> Assigned task
The output must consist only of the lines from the one with "30代に人気のコーデ5位は ゆったりシルエットが鍵のシャツコーデ Men" through the end of the listing, restated exactly and free of pictures.

> Information provided
□ □ □ □
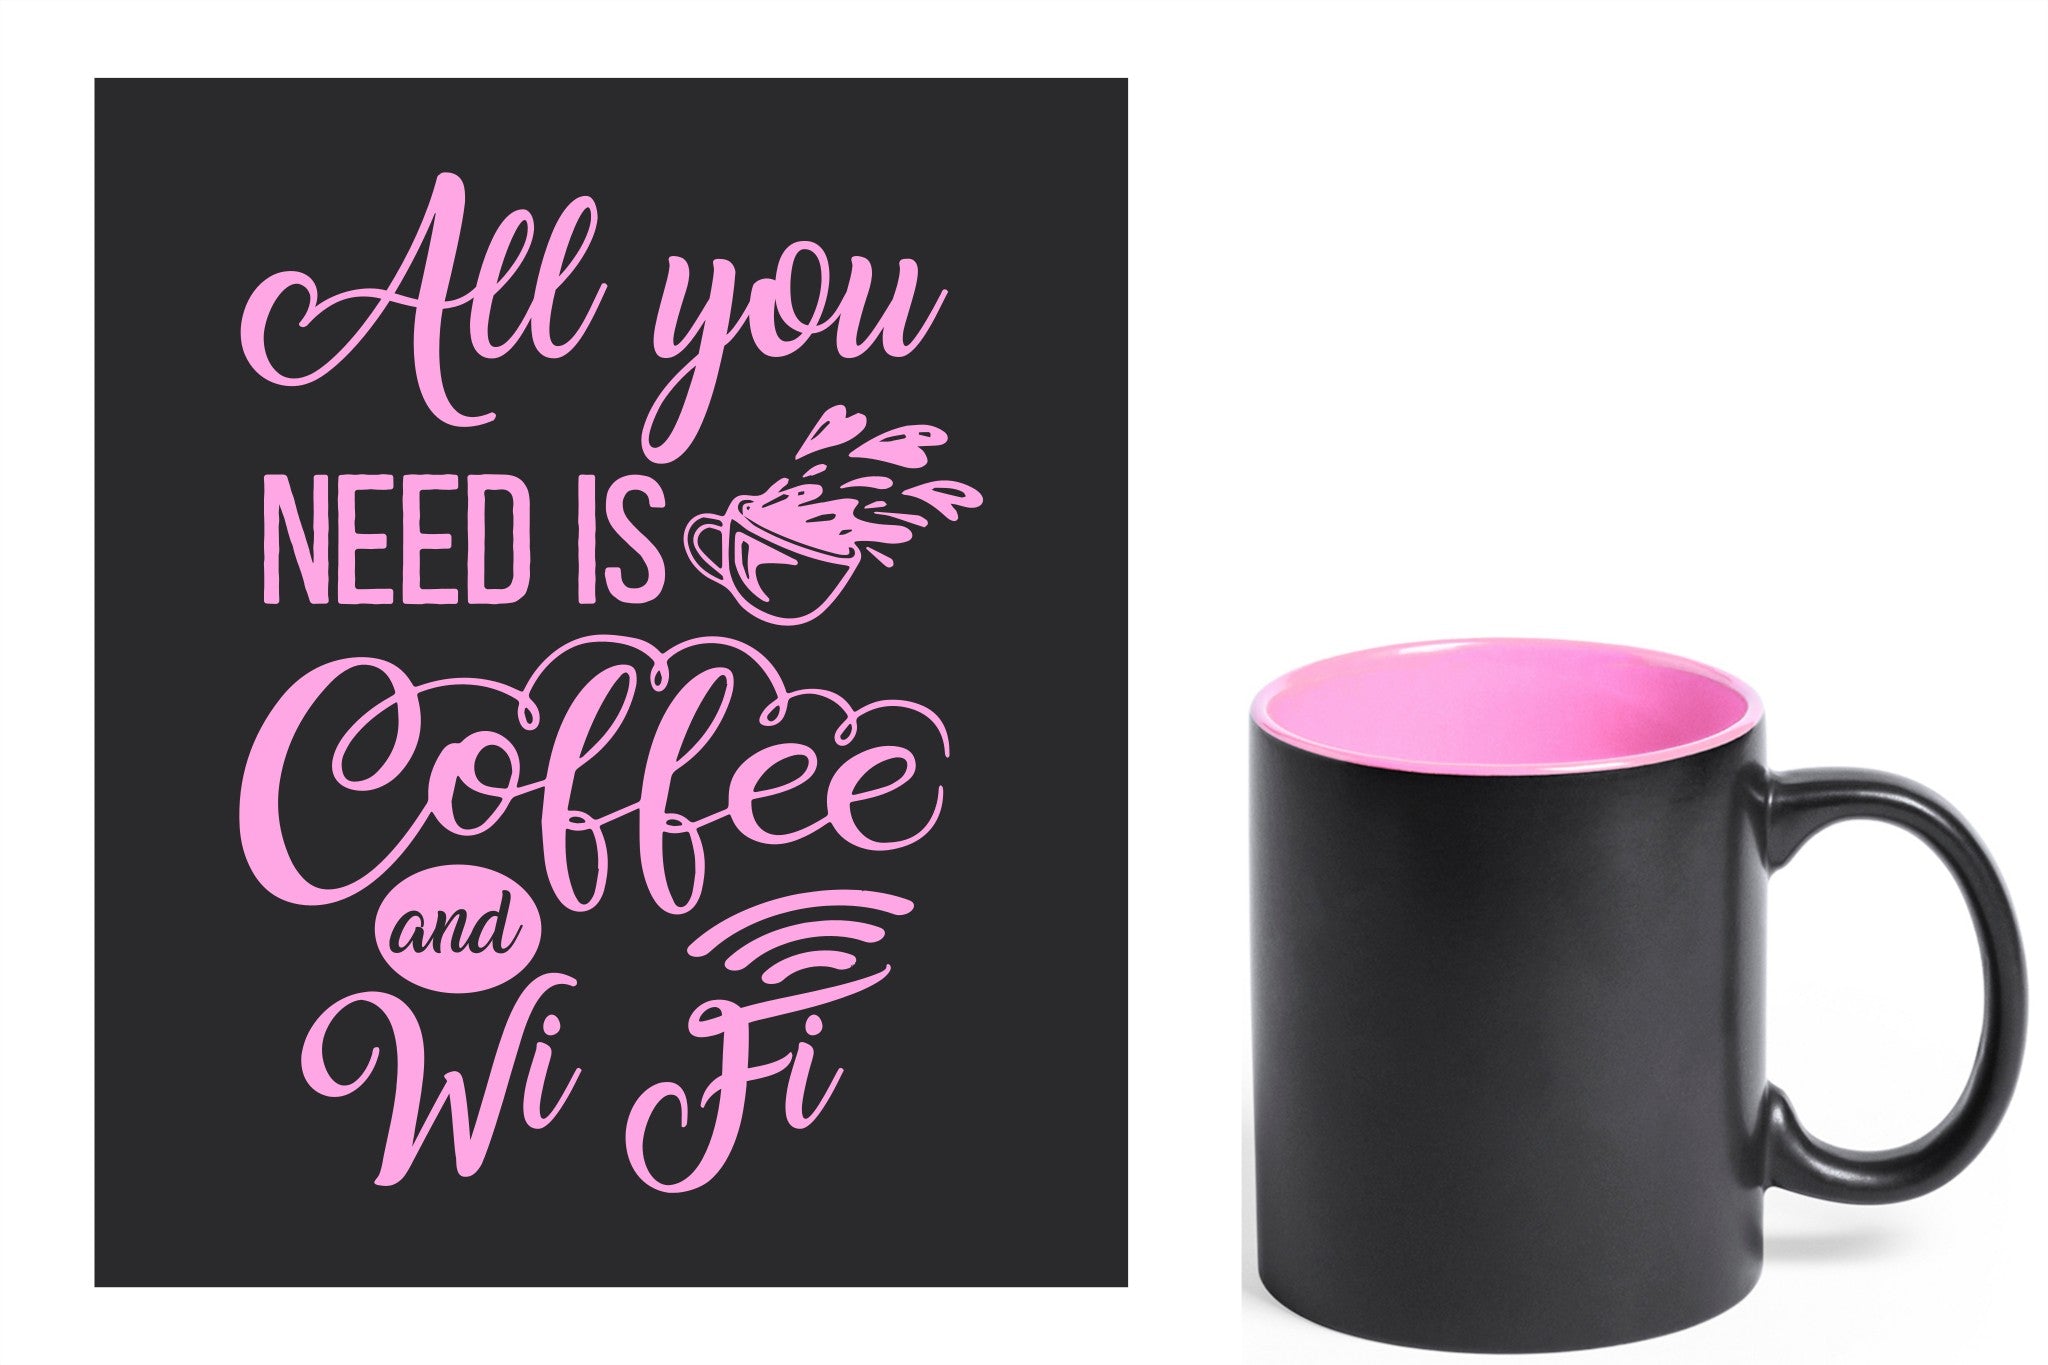 zwarte keramische mok met roze gravure  'All you need is coffee and wifi'.
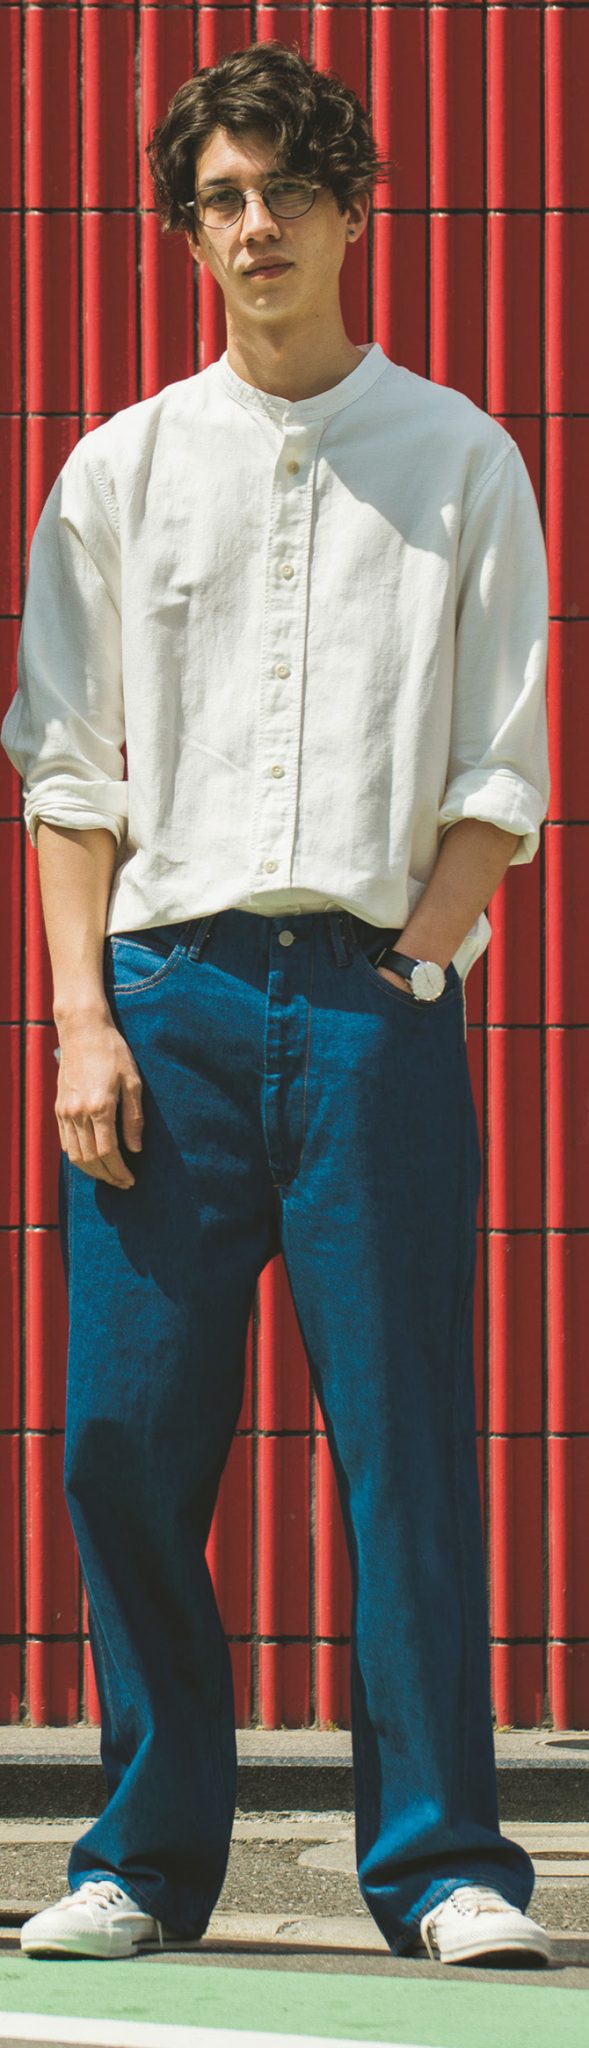 30代に人気のコーデ5位は ゆったりシルエットが鍵のシャツコーデ Men Sjoker Premium メンズファッション雑誌
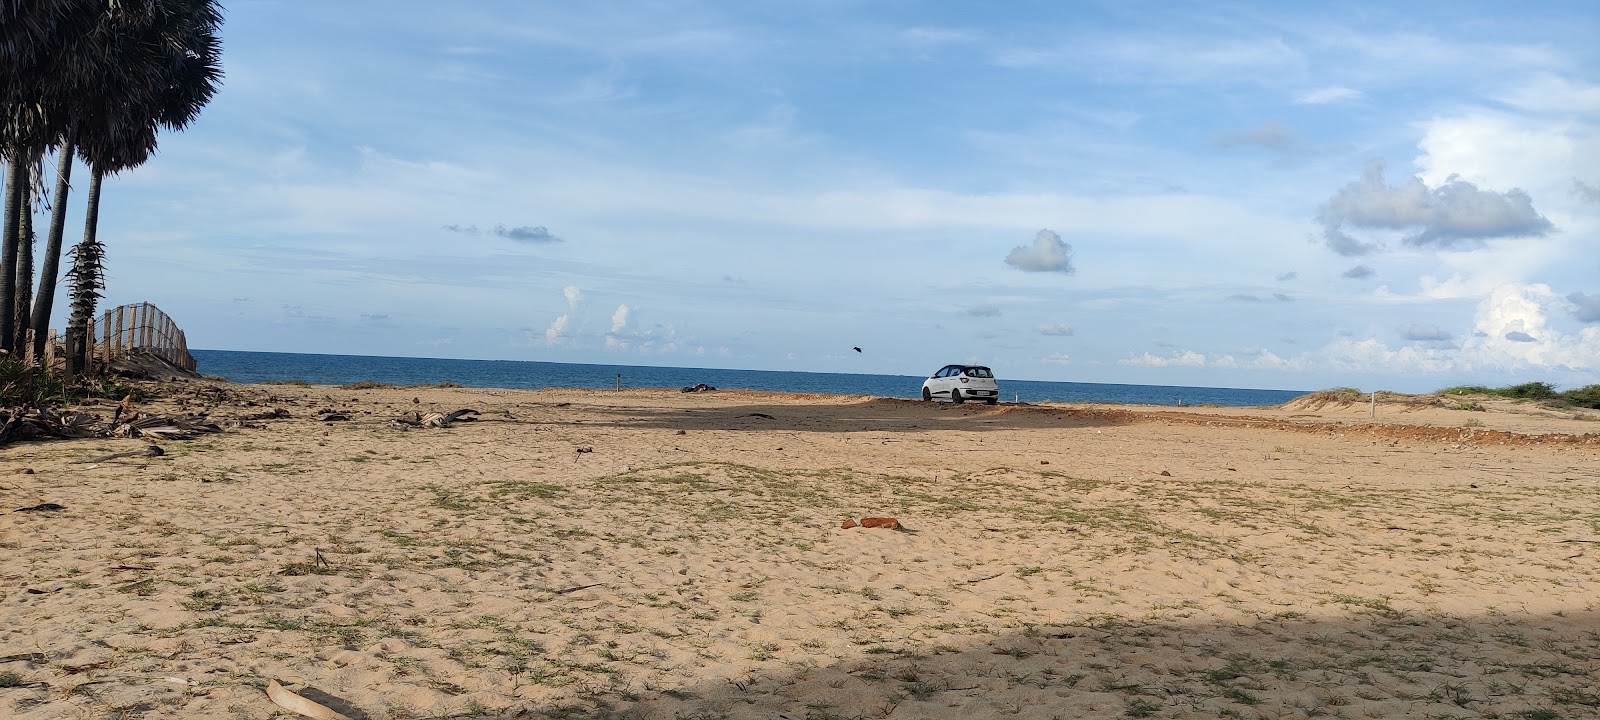 Manankudi Beach'in fotoğrafı düz ve uzun ile birlikte
□ □ □ □
> Answer to the problem
 30代に人気のコーデ5位は ゆったりシルエットが鍵のシャツコーデ Men Sjoker Premium メンズファッション雑誌
 Manankudi Beach'in fotoğrafı düz ve uzun ile birlikte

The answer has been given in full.